The input is in the following format
5
1 2 9.0
1 3 12.0
2 4 18.0
2 3 6.0
2 5 20.0
3 5 15.0
0
1 5
The first number is the number of vertexes in the graph. Then next lines up to 0 are the edges of the graph. With the first and second numbers being the vertexes and the third being how far the edge is between them. Trying to read in the data and store the edges into there locations in the List adjacency for that vertex. This example would make a graph with five vertexes with edges from 1 to 2&3. 2 to 4&3&1 etc also stores opposites EX. 2 1 9.0.

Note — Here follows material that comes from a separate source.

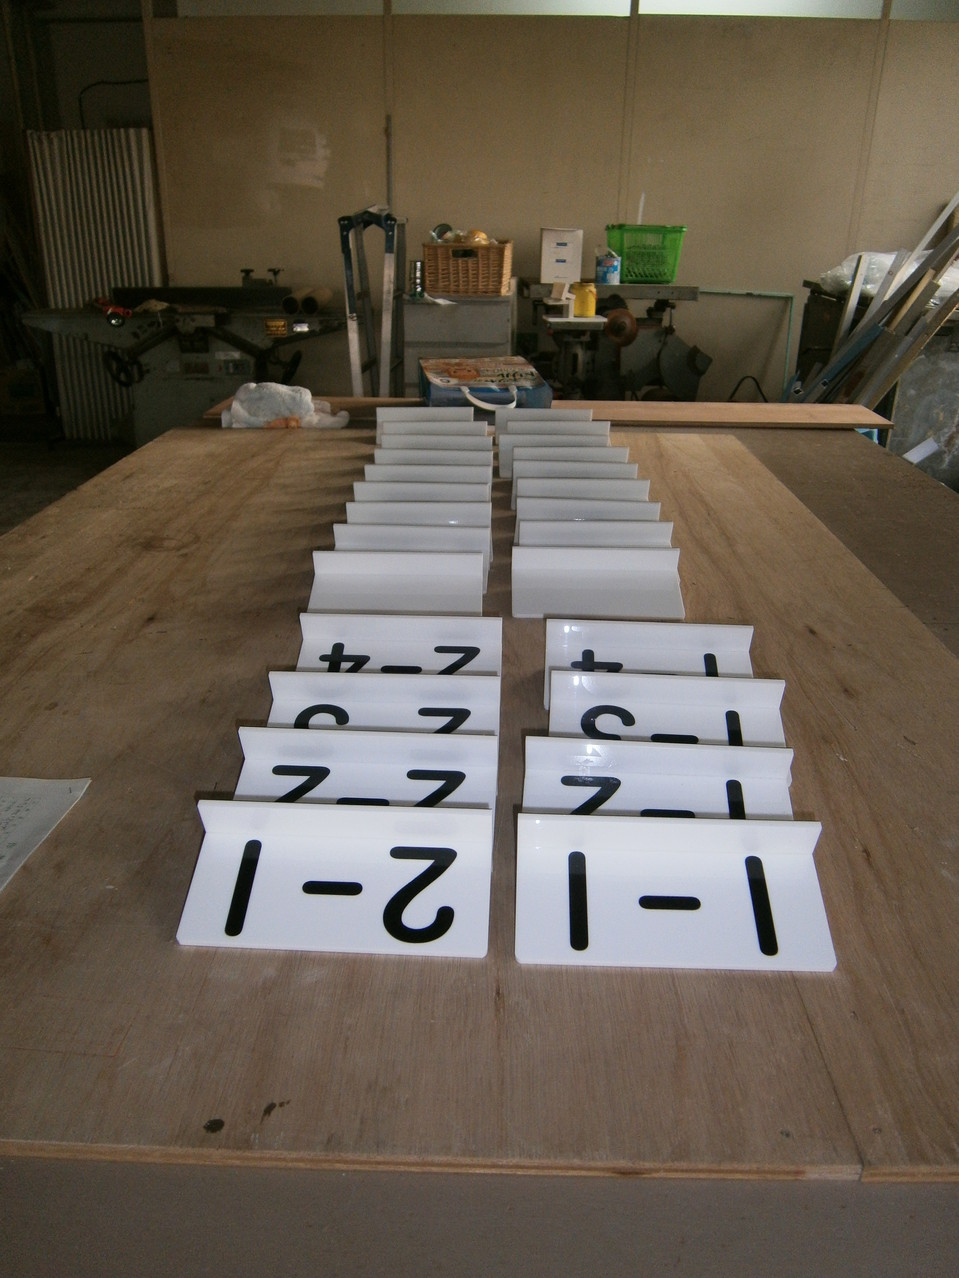 小学校の下駄箱上に設置するクラス名プレートです。L字に曲げたアクリルに切文字を貼っています。

It is not storing the data correctly. When reading in each new data for each vertex overwrites the previous data. It is storing the data in multiple listCells because when printed out i get
1 3 12.000
1 3 12.000
2 5 20.000
2 5 20.000
2 5 20.000
2 5 20.000
3 5 15.000
3 5 15.000
3 5 15.000
So it is the write number of cells just wrong information.
#include <cstdio>
using namespace std;
int tracing= 1;
struct ListCell
{
ListCell* next;
int vertex;
double weight;
ListCell(int v, double w, ListCell* nxt)
{
vertex = v;
weight = w;
next = nxt;
}
};
typedef ListCell* List;
struct Vertex
{
bool signaled;
long distance;
List adjacency;
};
struct Graph
{
int numVertices;
Vertex* vertexInfo;
Graph(int n)
{
numVertices = n;
vertexInfo = new Vertex[n+1];
for(int i = 1; i <= n; i++)
{
vertexInfo[i].signaled = false;
}
}
};
//==============================================================
// tail
//==============================================================
//
//==============================================================
List tail(List L)
{
return L->next;
}
//==============================================================
// isEmpty
//==============================================================
//
//==============================================================
bool isEmpty(List L)
{
return L == NULL;
}
//==============================================================
// readIn
//==============================================================
//
//==============================================================
Graph readIn()
{
int g;
int p1;
int p2;
float edge;
scanf("%i ", &g);
Graph myGraph(g);
scanf("%i", &p1);
while(p1 != 0)
{
scanf("%i", &p2);
scanf("%f", &edge);
if(tracing >0)
{
printf("Edge from %i to %i is %5.3f\n", p1, p2, edge);
}
myGraph.vertexInfo[p1].adjacency = new ListCell
(p2,edge,myGraph.vertexInfo[p1].adjacency);
myGraph.vertexInfo[p2].adjacency = new ListCell
(p1, edge, myGraph.vertexInfo[p2].adjacency);
scanf("%i", &p1);
}
return myGraph;
}
//==============================================================
// printOut
//==============================================================
//
//==============================================================
void printOut(Graph myGraph)
{
int n;
int length = myGraph.numVertices;
float d;
List p;
printf("There are %i vertices.\n", length);
printf("The edges are as follows. \n\n");
for(int i=1; i<=length; i++)
{
p= myGraph.vertexInfo[i].adjacency;
for(p=p; !isEmpty(p); p=tail(p))
{
n = myGraph.vertexInfo[i].adjacency -> vertex;
d = myGraph.vertexInfo[i].adjacency -> weight;
if(i<n)
{
printf("%i %i %7.3f \n",i,n,d);
}
}
}
}
//==============================================================
// main
//==============================================================
int main(int argc, char** argv)
{
Graph myGraph = readIn();
printOut(myGraph);
return 0;
}
There is a lot wrong with your code. The first thing and probably the most glaring is this:
myGraph.vertexInfo[p1].adjacency = new ListCell
(p2,edge,myGraph.vertexInfo[p1].adjacency);
you call this in the input loop. Look at your first vertex you input (1). You input this twice, one time for "1 2 9.0", and again for "1 3 12.0". The variable p1 doesn't change (it remains at 1), but you're overwriting the first input with the second input.
So you not only have an error in the input, you have a memory leak since you're creating a ListCell dynamically, and overwriting the previous dynamically allocated ListCell.
Maybe an array is not what you should use as a vertexInfo. Maybe it should be a map of vertex to vertices/distances:
std::map<int, std::vector<std::pair<int,double>>>
where the key is the vertex, and the inner vector is a vector of all the adjacent vertices and distances (each one represented as a pair).